Chances are you don’t know everyone in chapter, at least not that well. You might barely know some girls in your PC. Reach out to the ones you have a casual friendship with or get along with. It doesn’t have to be awkward or some big plan, just a simple “hey want to catch up and grab coffee” can work.
Even though we talk about how we are all sisters, in groups of over a hundred, there are always going to be differing personalities and interests, so there isn’t necessarily one “place” in a chapter. Getting to know a different group of girls is an opportunity to find your place in the chapter. Those casual friends can develop into lifelong ones; you just have to take that first step.
Talk to sisters you’re close to, like your big or PC mom. Share your concerns and your feelings. I’ve done that with multiple sisters when I’ve been struggling with feeling like I belong. Even if they don’t have advice, a listening ear is still really nice to have.
Also, it might be a good jumping off point for the ideas I mentioned above. When I first shared with one of my friends about feeling out of place, she didn’t just encourage me to spend more time with sisters, she invited me to events, outings, etc. We preach Greek life as a great way to make connections for post-grad work.
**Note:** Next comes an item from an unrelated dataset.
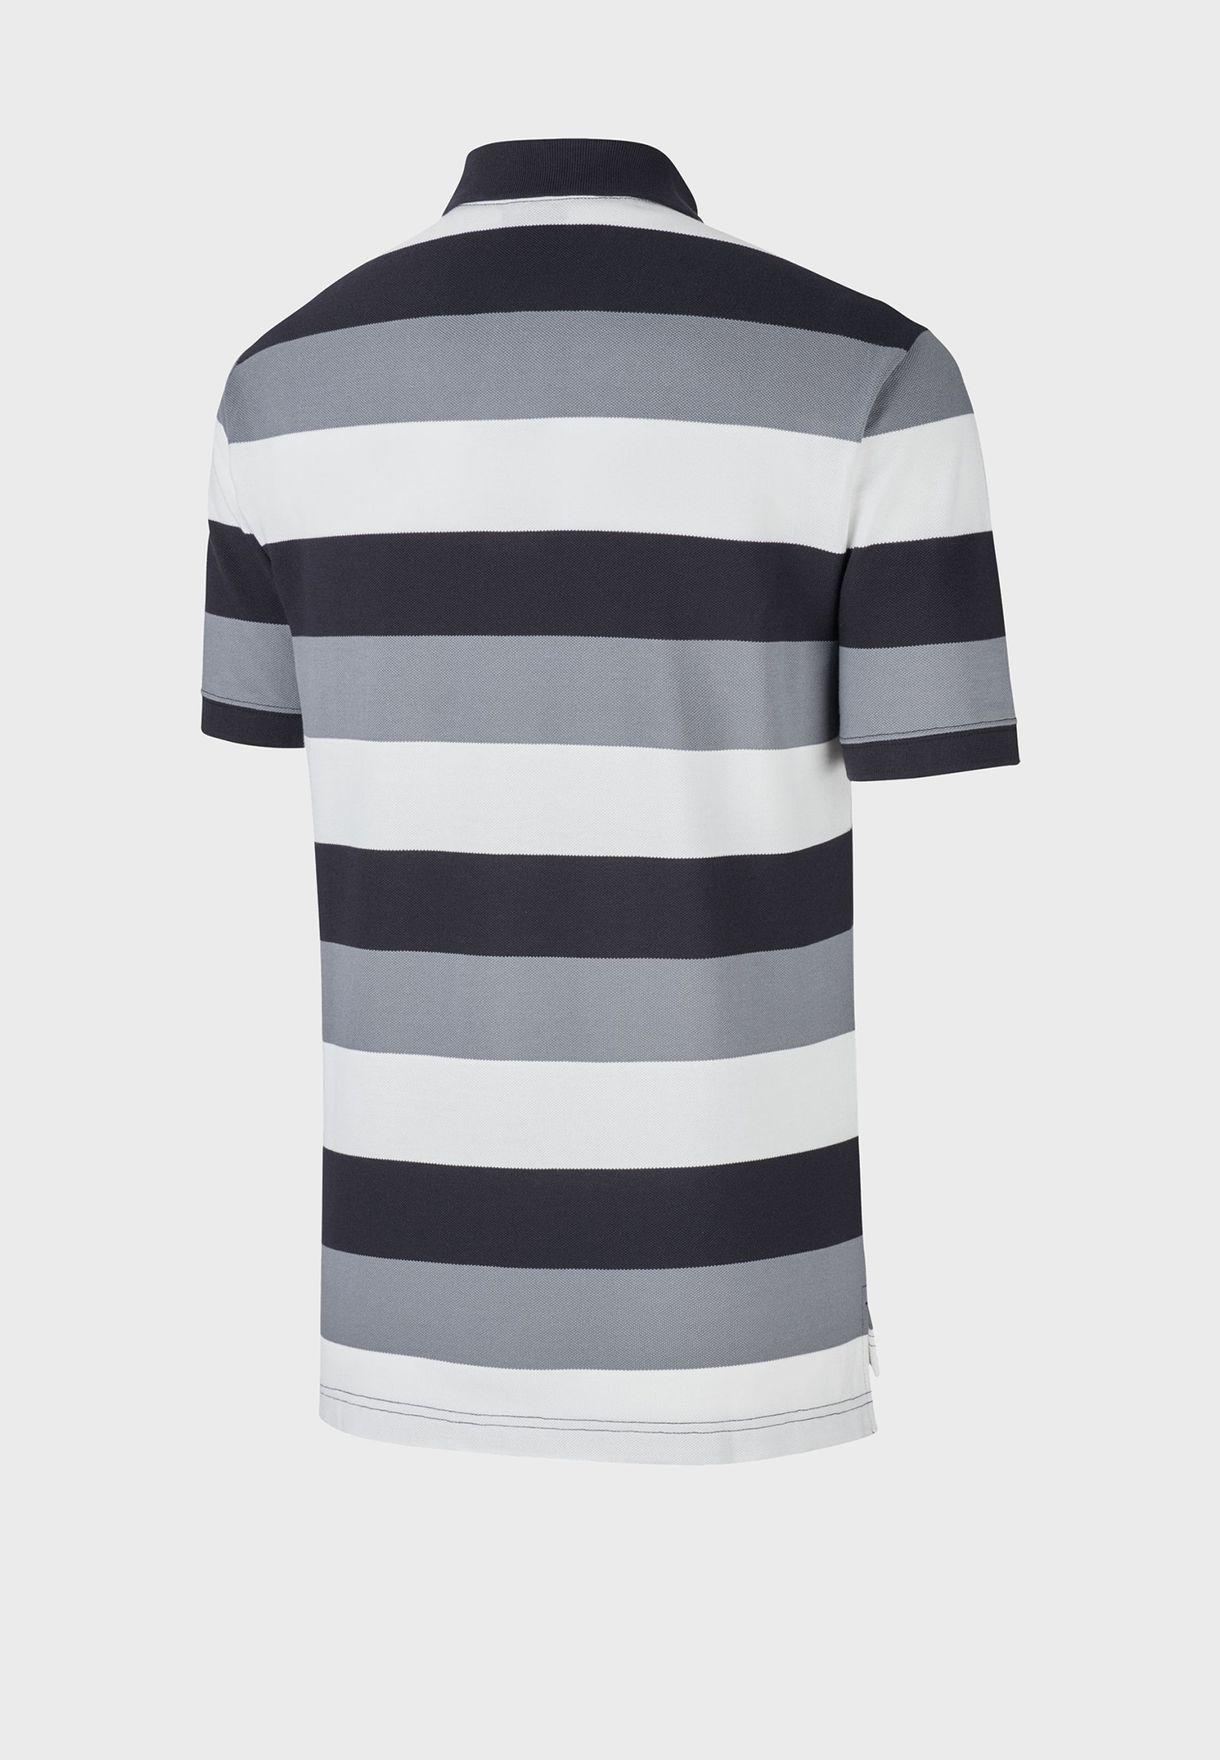 NSW Matchup Stripe Polo

Your sisters can also be a great way to make connections within the chapter.
Most, if not all, sororities require their members to be in other activities. I personally am in far more than my required two at any given time because there are many things I enjoy or am passionate about.
Go out and find those things. Even if your sorority is truly your home, your anchor on campus, there is no reason it has to be the only thing or even the biggest thing you do. My best friend isn’t Greek, and she’s certainly not the only one of my friends who isn’t; in fact, I probably regularly talk to more non-Greeks than Greeks.
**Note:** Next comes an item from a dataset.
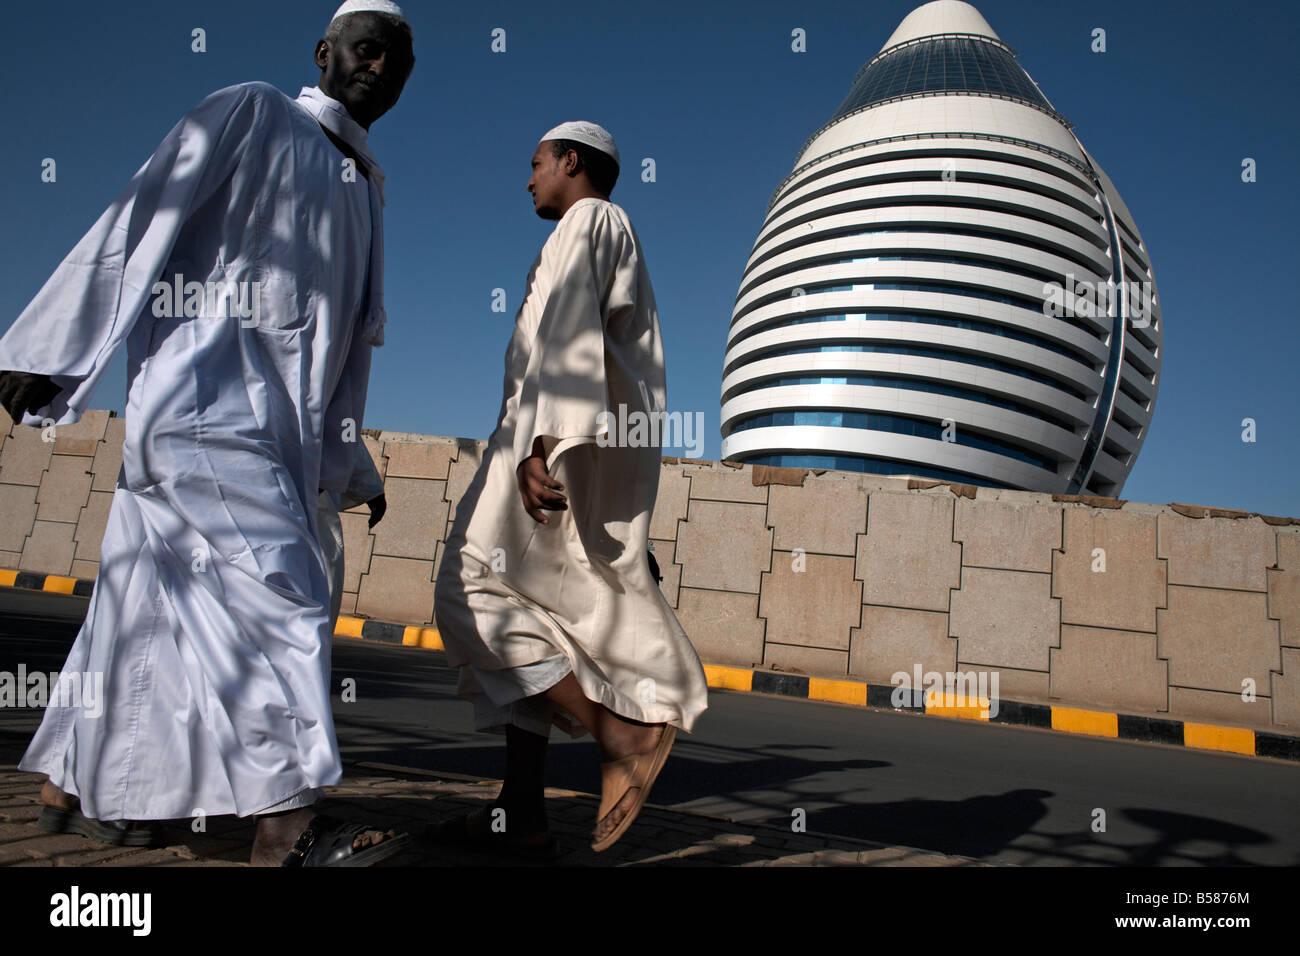 Locals walk past the 5-star Boji Al-Fateh Hotel (Libyan Hotel), designed to represent a sail, Khartoum, Sudan, Africa - Stock Image

The point is that we have lives and interests and friends outside of Greek life. If you aren’t feeling like your chapter is the best thing you have going or may not be the best fit for you, strengthen your other friendships. Join a student publication, go to more meetings of clubs, try out for a rec sports team, etc. I believe this is good to do even if your sorority is your home. There’s nothing wrong with having multiple places you feel at home.
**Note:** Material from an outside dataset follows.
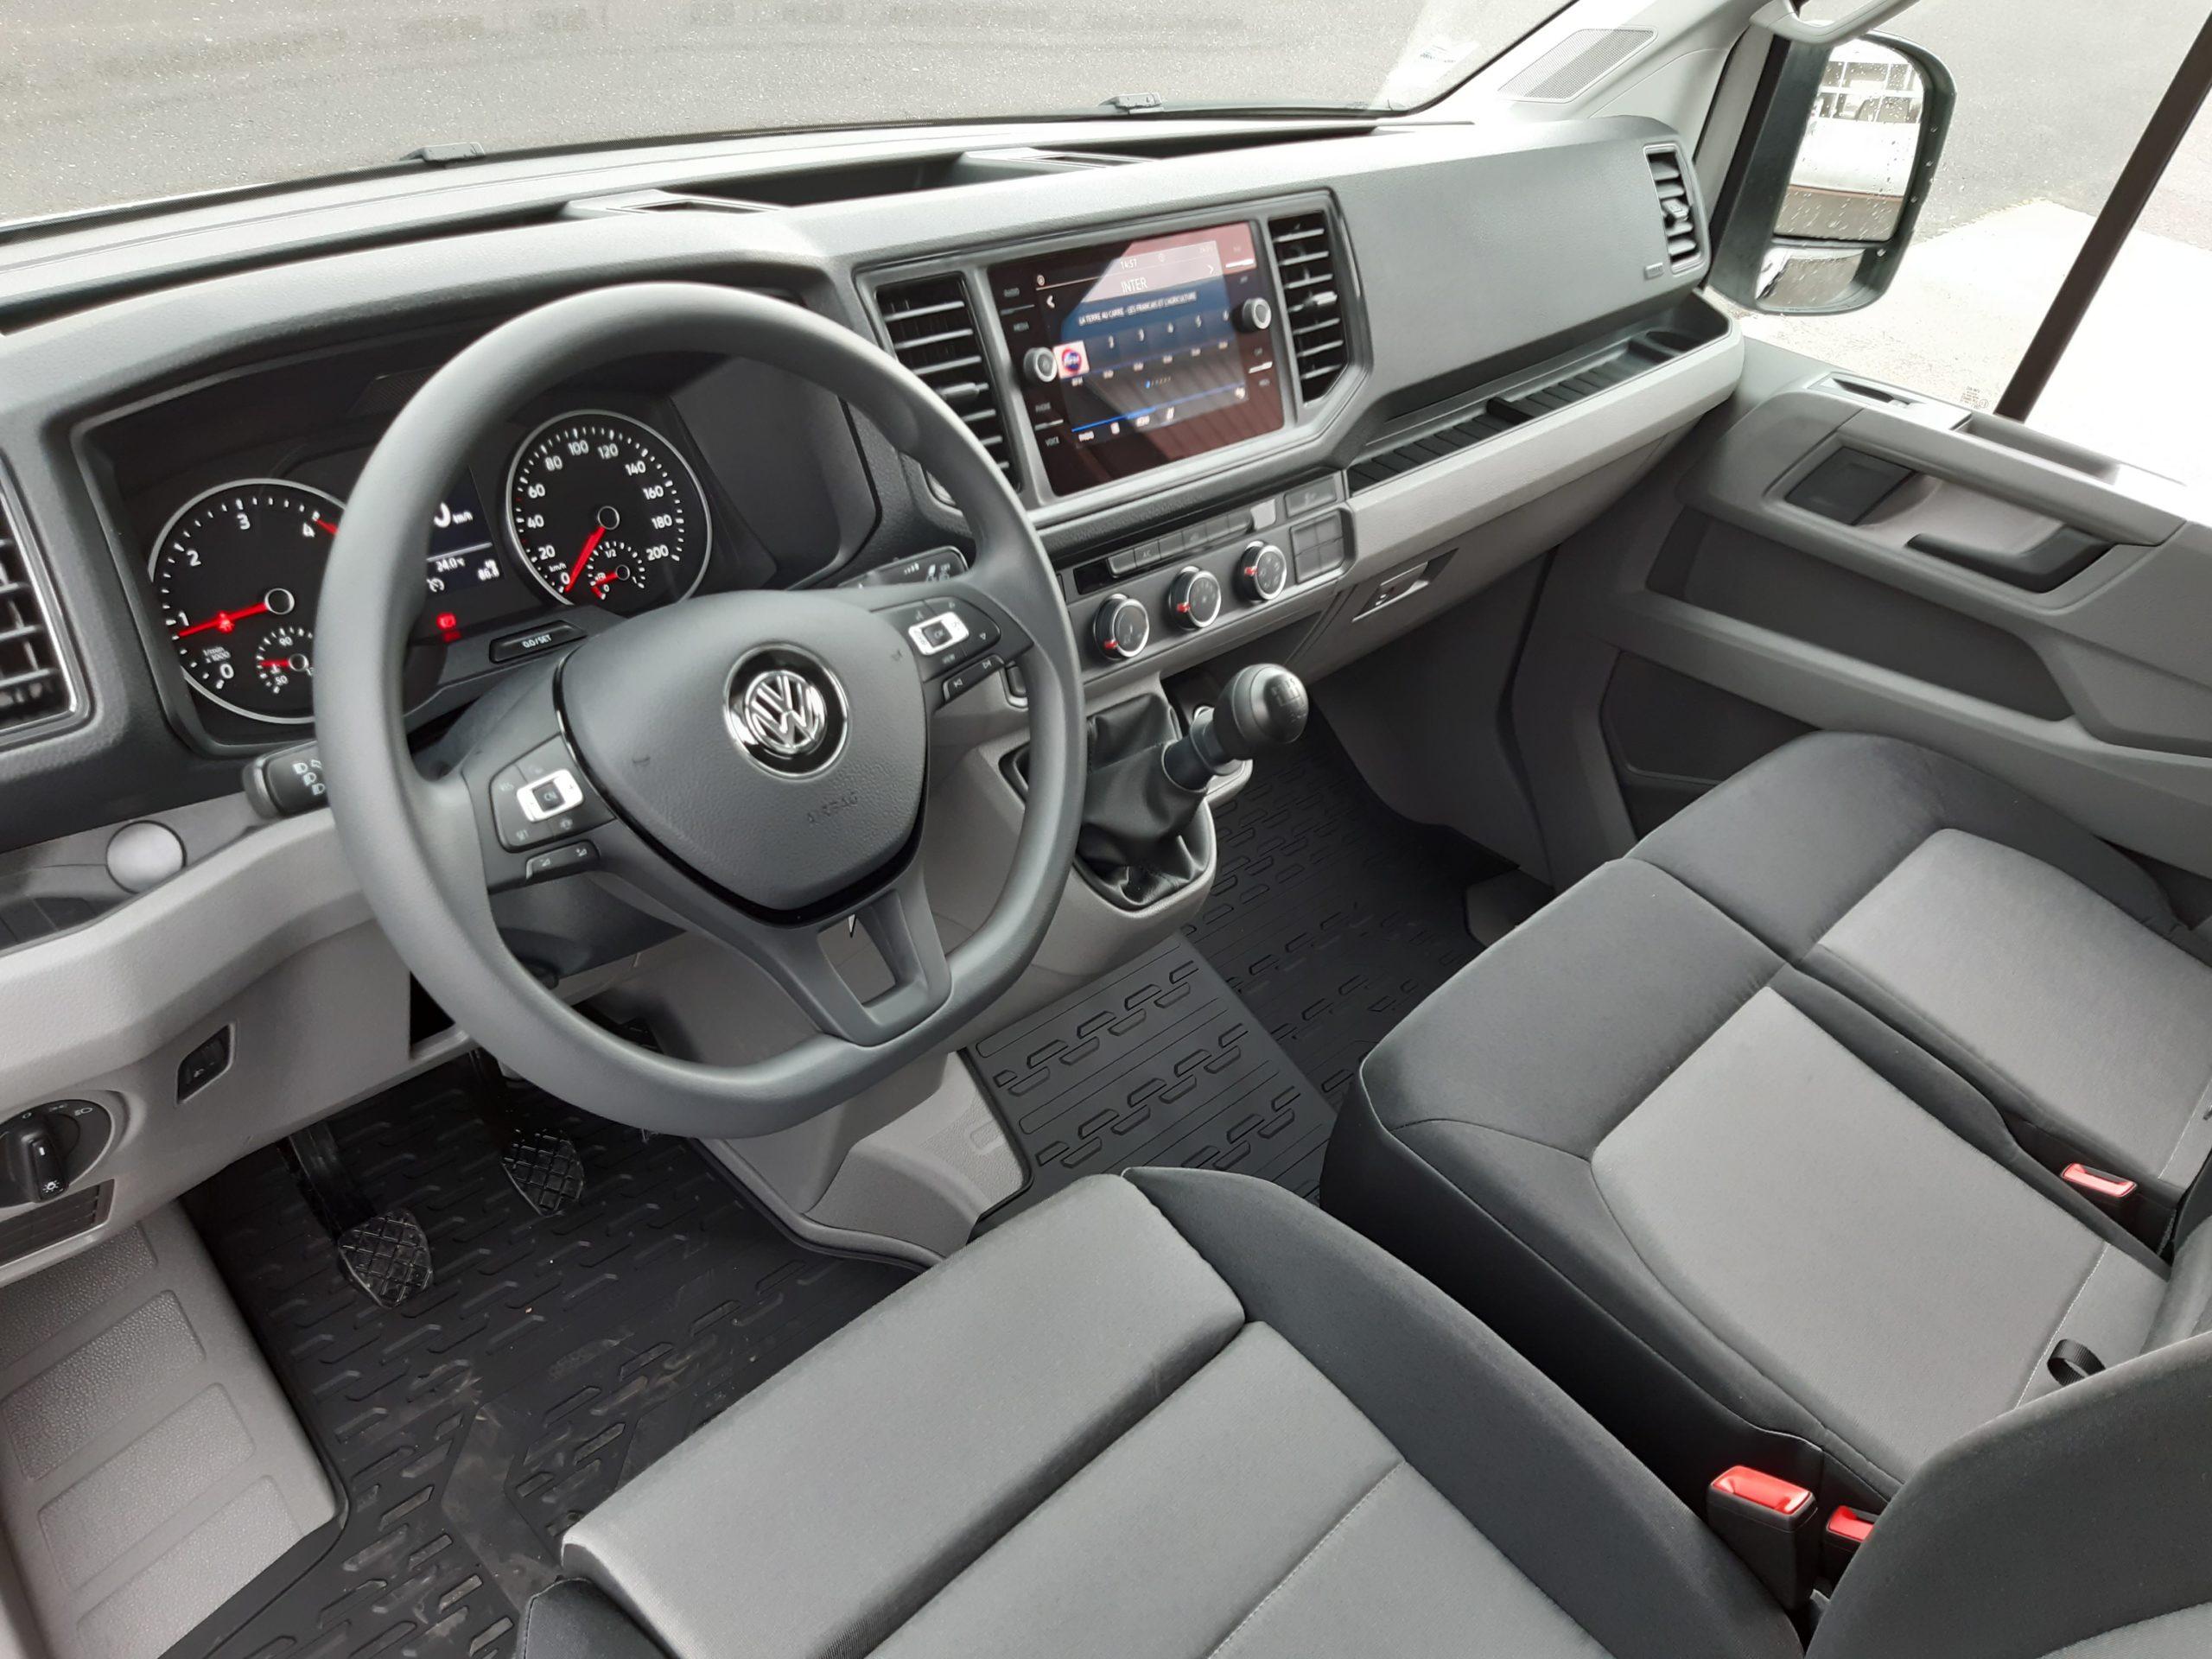 Location d'un utilitaire benne - Volkswagen Crafter benne et coffre - Vue9

Disaffiliation is not something I would take lightly, but it is an option. Maybe you joined and realized Greek life truly isn’t for you and you aren’t getting anything out of it, or maybe you feel extremely out of place because your sisters are cliquey or rude to you, though I hope that isn’t the case.
If you think that staying isn’t right for you, be confident in that decision. As cliche as it is, if they’re actually good friends, your friends won’t cut you off for leaving.
There have been times I’ve felt so frustrated with the entire system or felt so out of place that I considered leaving. The sisters I talked to encouraged me to stay and talked through my problems with me, but they also promised to support me and stand by me whatever choice I made. Obviously, I didn’t disaffiliate, but I am still friends with some girls who have for whatever reason. It’s okay. You just have to make the choice that’s best for you.Hopefully, you are never in a place like that and that my earlier advice is sufficient. Even if it’s not perfect, your chapter can still be a valuable resource and a home for you.